I am a researcher and engineer driven by a simple conviction: to seek truth and build solutions that are meaningful in the real world. My interests lie at the intersection of robot learning, optimization, and control, where mathematical rigor must ultimately meet the demands of real hardware, real-time computation, and safety-critical deployment. I am especially drawn to problems that bridge classical model-based methods and modern learning approaches, not as an academic exercise, but as a path toward autonomous systems that are genuinely reliable and deployable.

My path into this space was shaped by a dual-degree in Electrical Engineering between Zhejiang University and the University of Illinois at Urbana–Champaign, where I developed a foundation in system dynamics, feedback control, and embedded systems, grounded by hands-on work with sensors, embedded platforms, and robotic prototypes. That early experience of bridging theory and physical hardware convinced me that the most important and honest problems live precisely in that gap.

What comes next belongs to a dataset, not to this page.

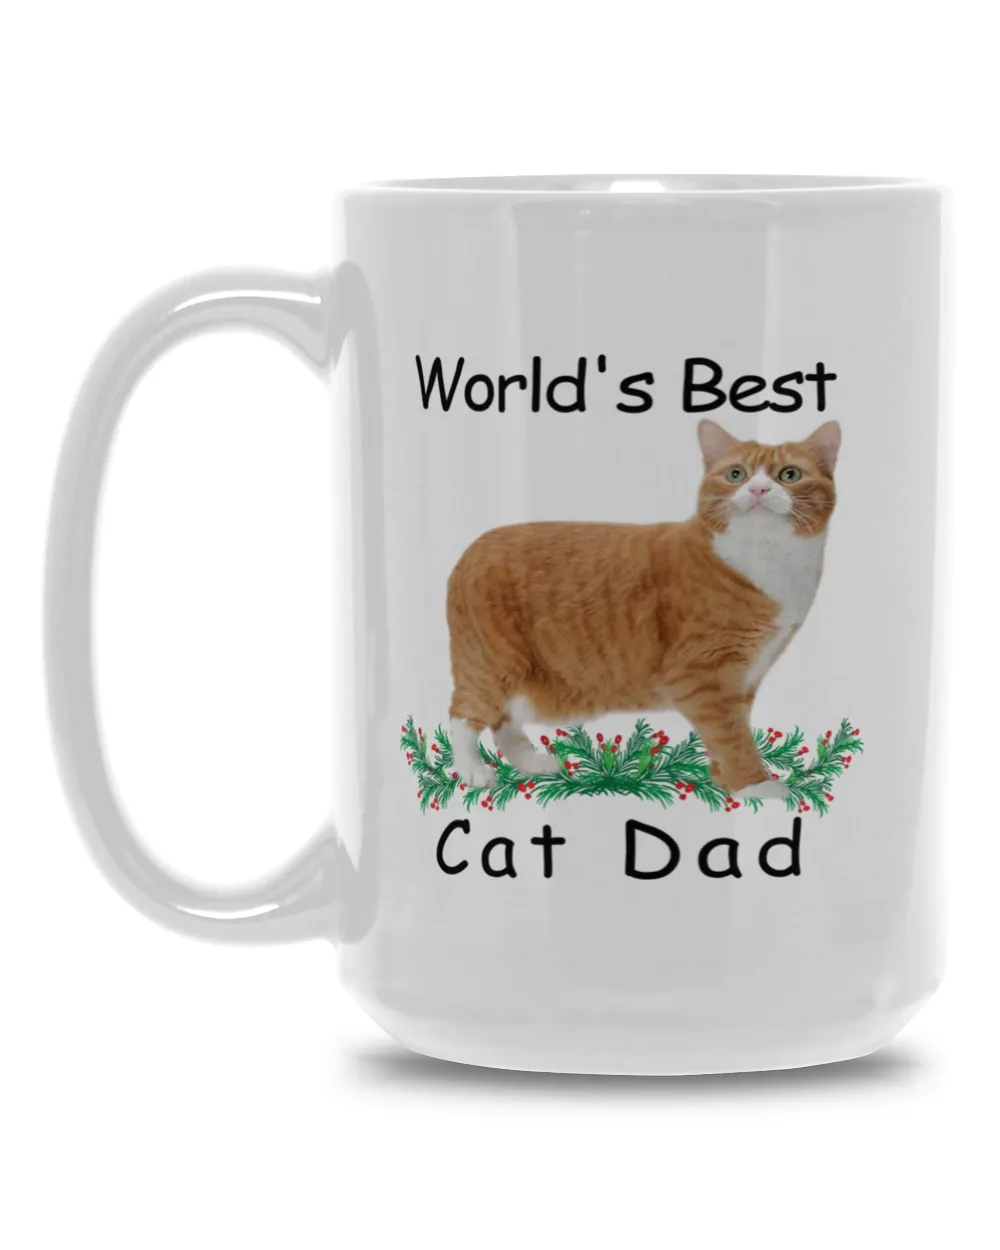 World's Best Manx Cat Red Dad

At Penn, I worked across a range of approaches, including probabilistic dynamics modeling, sampling-based control, full-stack autonomous systems, and learning-to-optimize frameworks, before converging on what I see as the most compelling frontier: the boundary between model-based optimization and data-driven learning. Through that exploration, I came to see these not as competing paradigms but as complementary tools. Probabilistic and learning-based methods capture what models cannot fully express, while structured optimization provides the guarantees and interpretability that real deployment demands. The research I want to pursue lives at this intersection, principled enough to reason about safety and uncertainty yet adaptive enough to handle real-world complexity. I am actively looking for PhD and RA opportunities where I can pursue these questions, so please feel free to get in touch.

Outside of research, I am drawn to EDM — a genre where classical music theory meets the synthesizer, and where structure and energy reinforce rather than oppose each other. I find it shares more with robot learning than it might seem.